A few summers ago a bunch of our tribe went on "pilgrimage". Which basically started out like a lot of our traveling trips: We're all sitting around the table having tea or coffee, someone mentions a place they've never been, then someone throws in another place, and pretty soon we have a map sprawled out on the floor and we're figuring out how to get from point A to point B... and in the middle of this Andrew will be talking about going to Istanbul just to try out the outdoor spa baths, and Derek is figuring out how to get to a remote cafe for the best coffee in the whole world, and Debbie is already packing her blankets.
The summer of our Spain pilgrimage, Derek was telling us about the beauty of Santiago de Compostela, a small Catholic coastal town rumored to house the bones of St. James, a town which he visited in his early 20s. I think he was living in Israel at the time but I can't say--even as his wife I can't keep up with all the places he's lived.
And someone was saying about how this town was the final destination of an actual medieval Catholic pilgrimage trail that thousands of people walk every year. And pretty soon we were researching the pilgrimage route online, and figuring out all the places we would stop along the way. As anyone can tell you that summer was a bit crazy. Some of us ended up in Paris, others in Milan--Derek and I even squeezed in a trip to Krakow somewhere in there. But we all ended up on the Spanish pilgrimage trail, miraculously, at the same time, for about 8 days. It felt like a month, it was so hot. Only Jessica walked the entire pilgrimage trail.
We all had something we took home with us; for some of us it was the friends and the adventure of it all. For me, I keep going back to this one memory. After those 8 exhausting, heat-filled days, a few of us pulled off the road and went to Bilbao, where we knew the fantastical Frank Gehry-designed Guggenheim museum was.
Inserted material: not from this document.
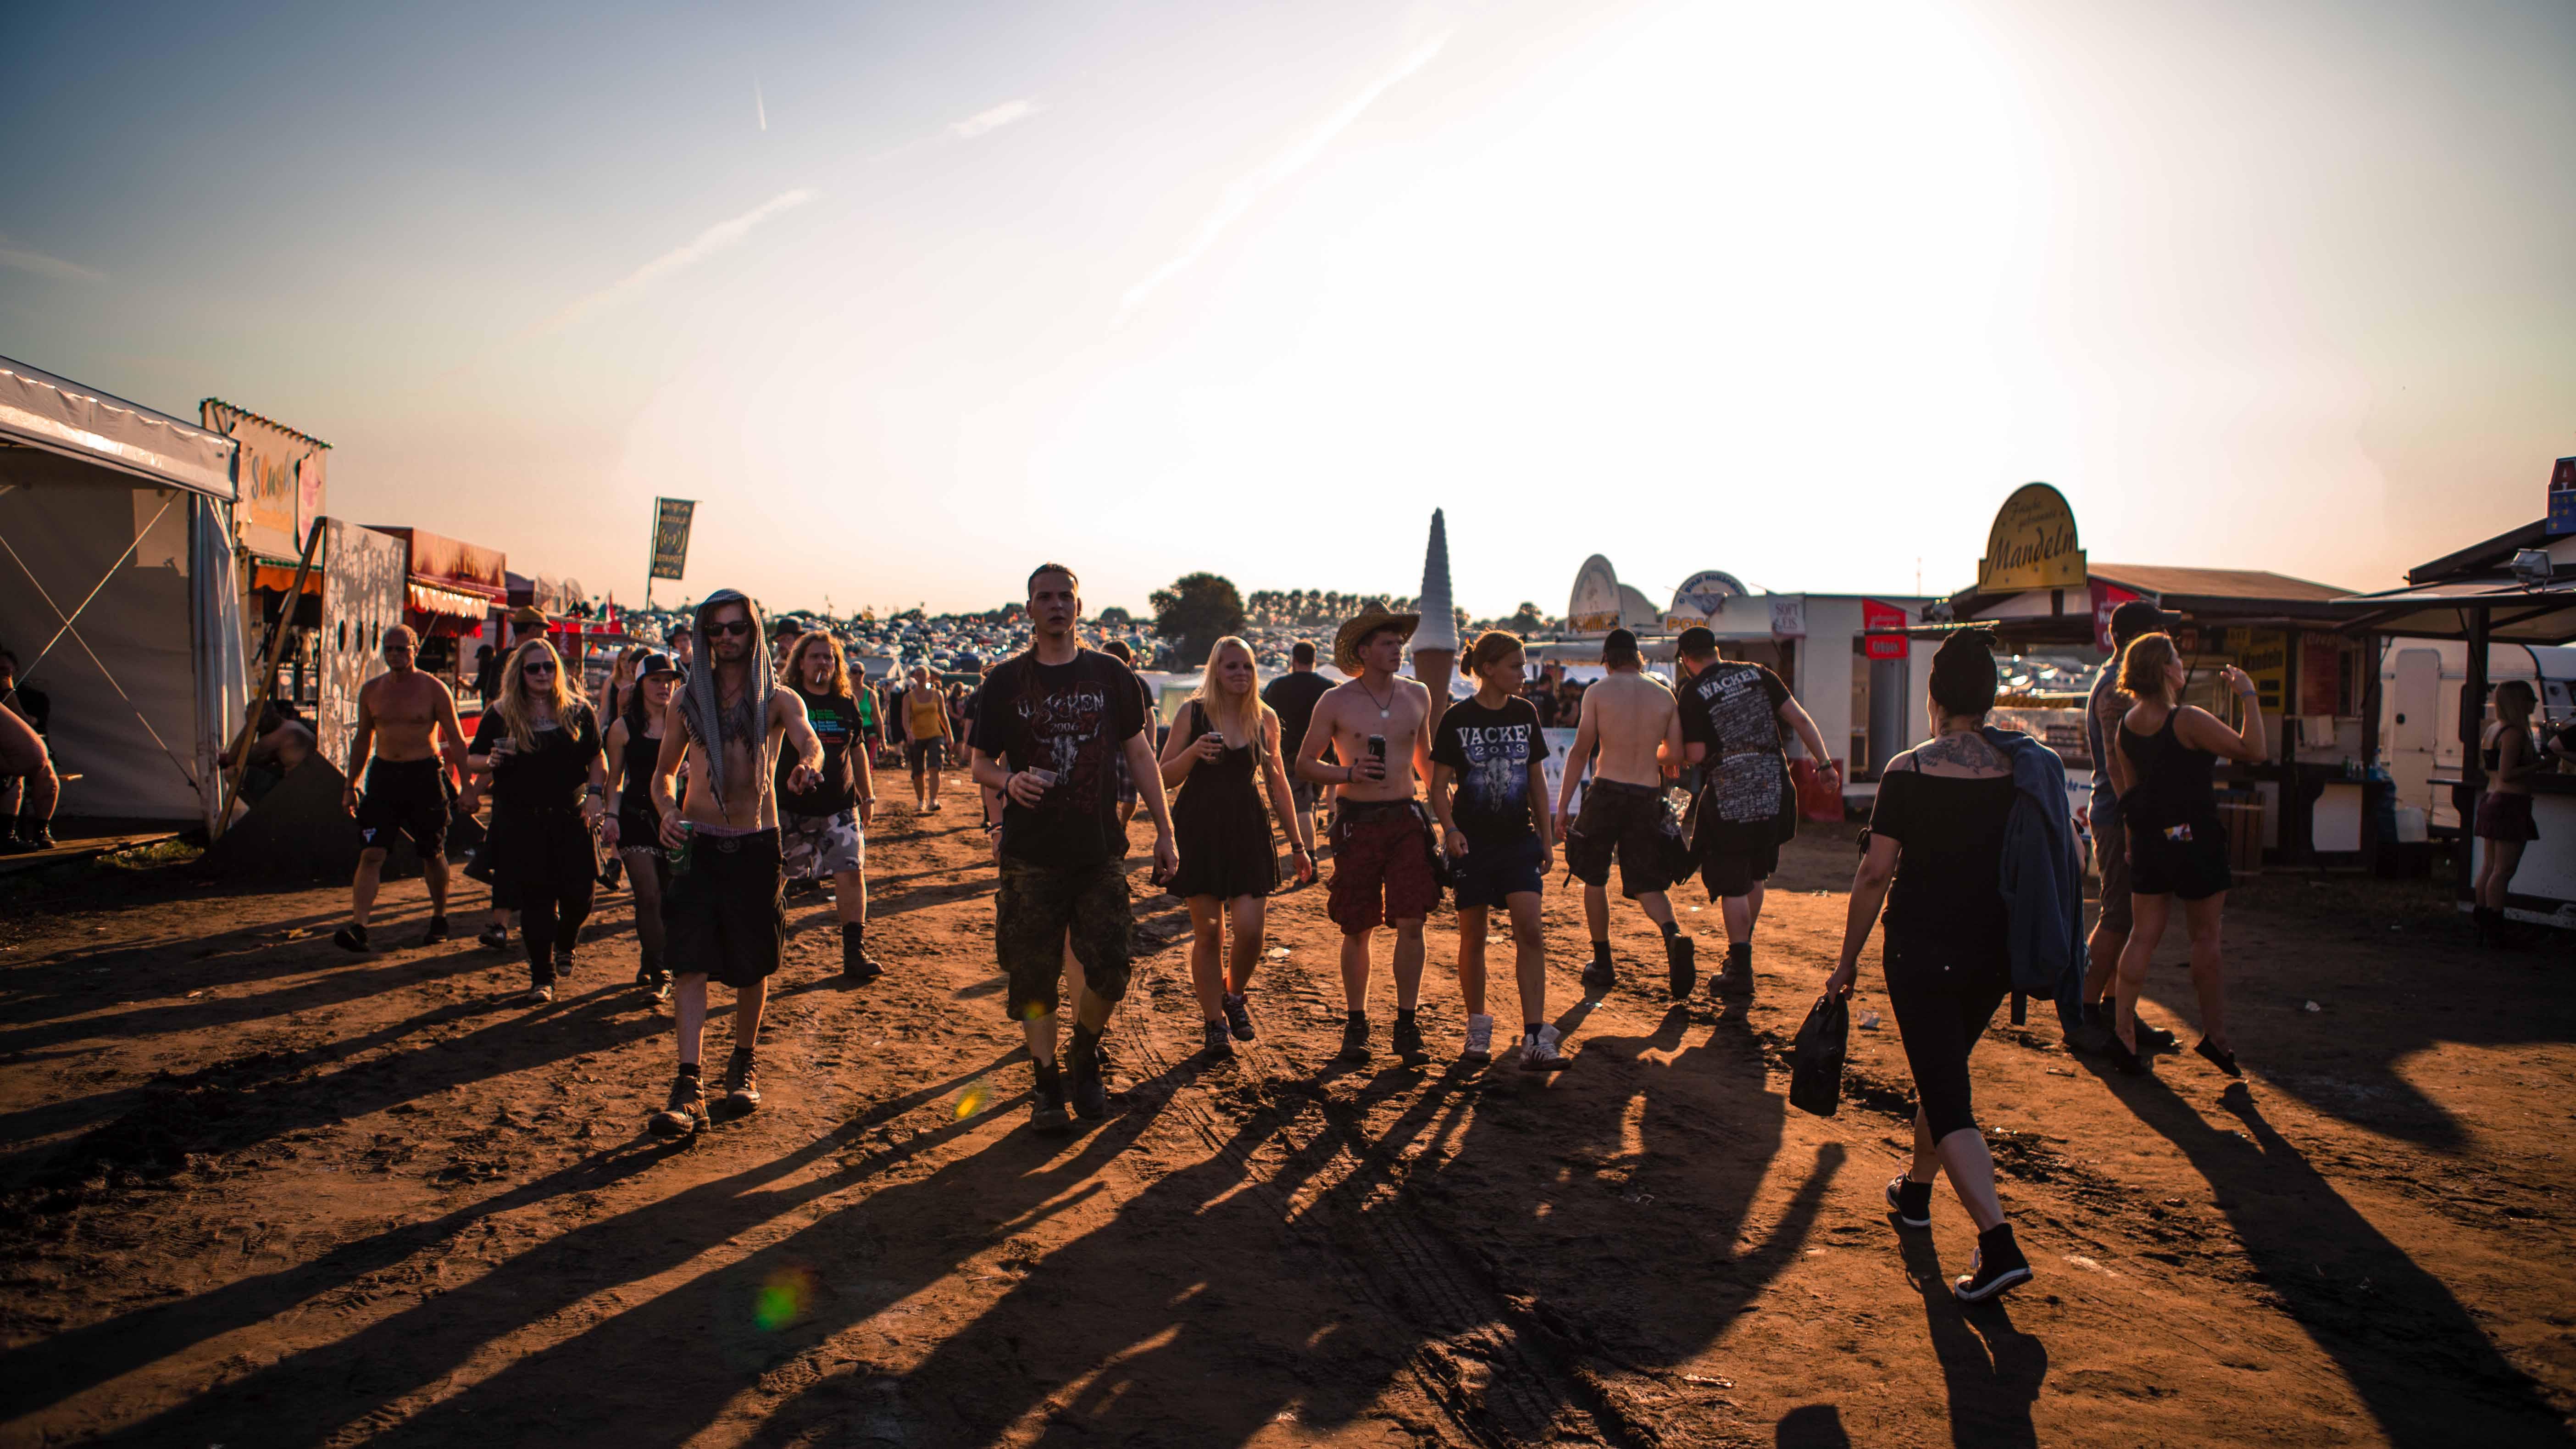 Ach, Festivals sind wundervoll! – Das Amt Schenefeld auf dem W:O:A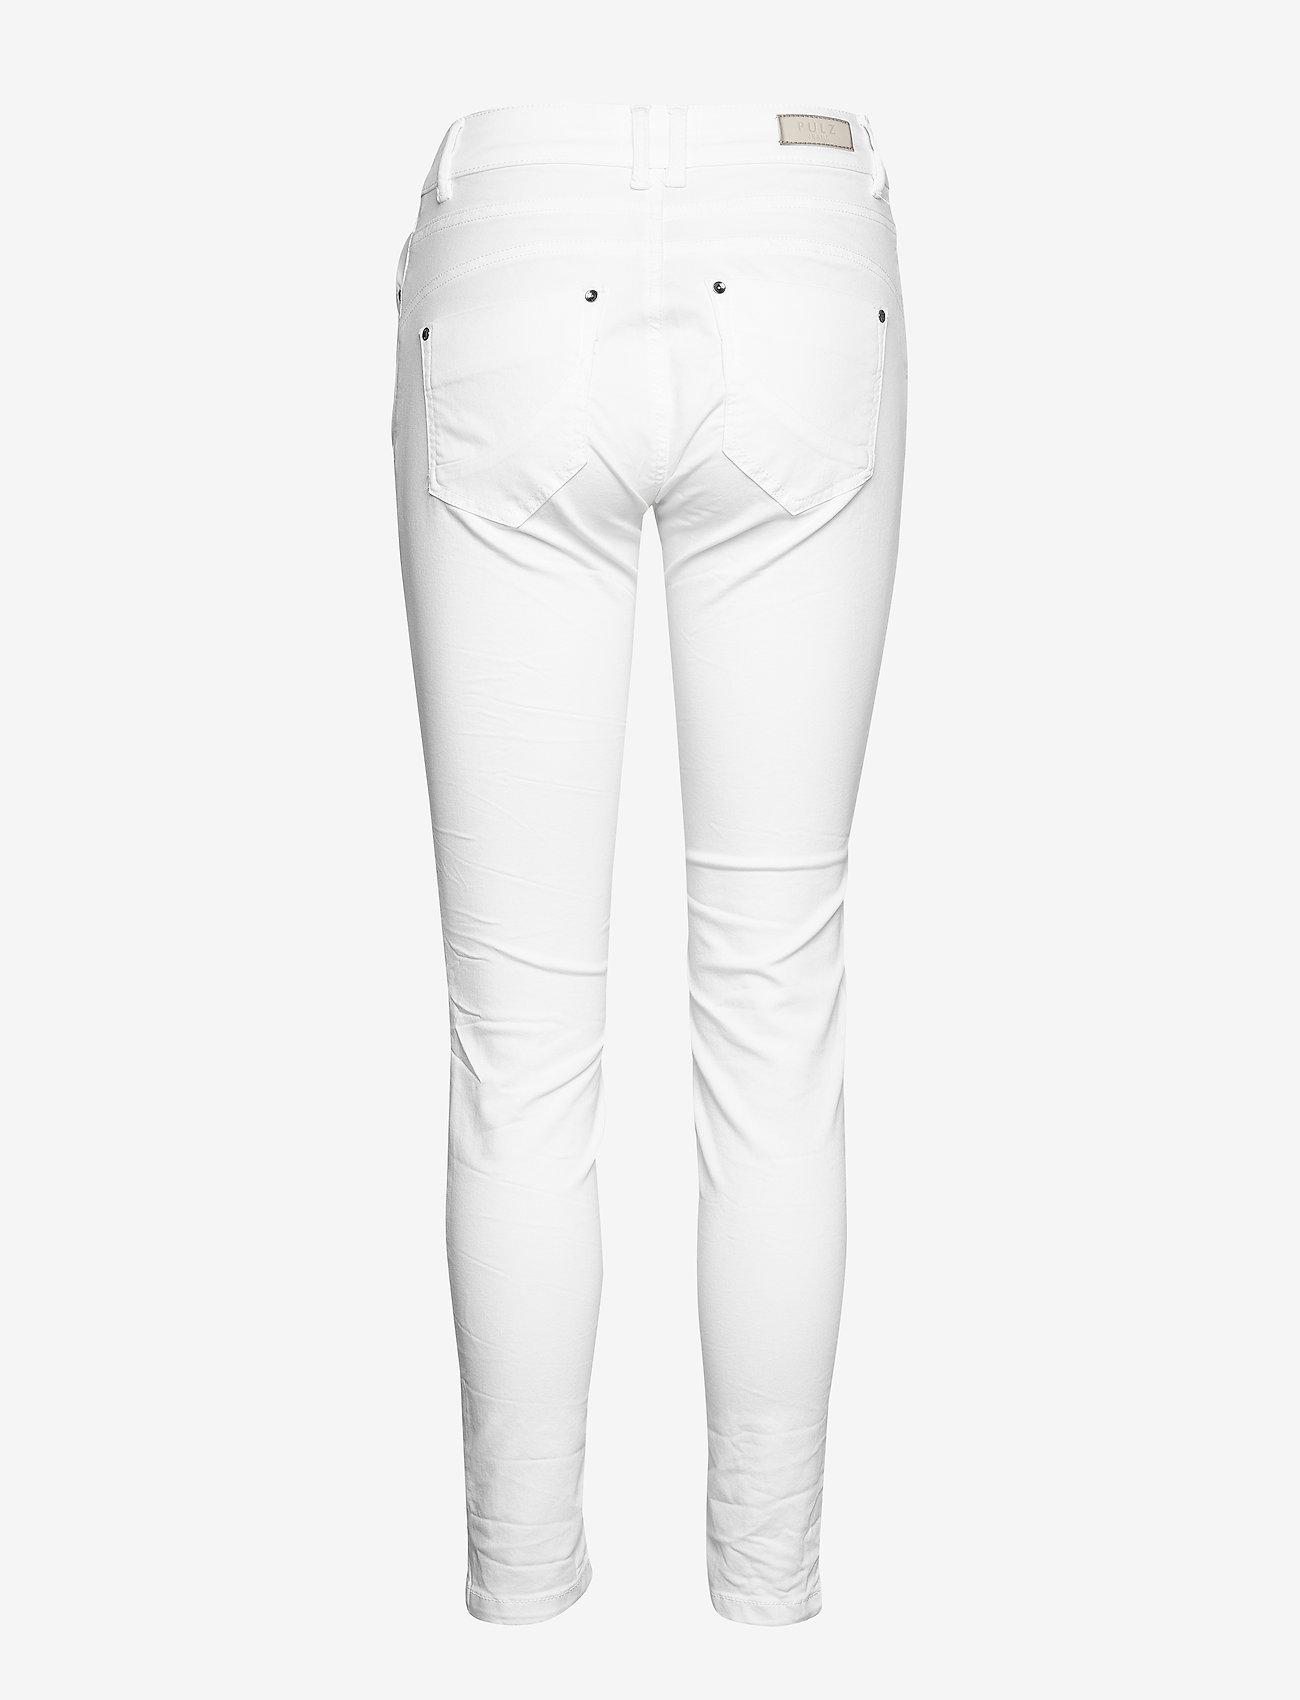 Pulz Jeans - PZROSITA PANT - skinny jeans - bright white - 1

And we weren't disappointed. It is really an amazing museum. And Bilbao is one of those gems of a town... like Krakow... or Antwerp... or, um, Tulsa (where I haven't been yet but would like to)... something like that. Not obvious, not a place you read about, but a hidden gem.
And specifically, what I remember about the museum was this entire room of Alexander Calder mobiles. I don't think I would ever want to see them anywhere else, because that experience is perfectly etched in my mind as one of the most magical displays.
It was a big, tall white room, and so quiet--and not a museum quiet but the kind of quiet you hear in a playlot before children arrive. Where the sound of what-will-happen is already in the air. And these mobiles are the most delicately machinated things, each hinge and color so intricate and light. To watch them was like hearing music without sound. I had never "heard" music before by looking at sculpture or painting, but these sculptures were so happy, so musical--in my mind, I could hear fingernails tapping, harpsichords, chimes, laughter. And I wanted to stand there forever, because they had so much joy in them.
And yet they weren't silly; they were designed by a mathematical genius, anyone can see that. They were mysterious in how they balanced because as you stepped close to them you felt as if they would topple over under the weight of the metals and seeming imbalance of their limbs.
Even as I write this, I feel like I'm standing in that big room. It was a moment alone, just me and these silent things that wanted to chime but only in my mind.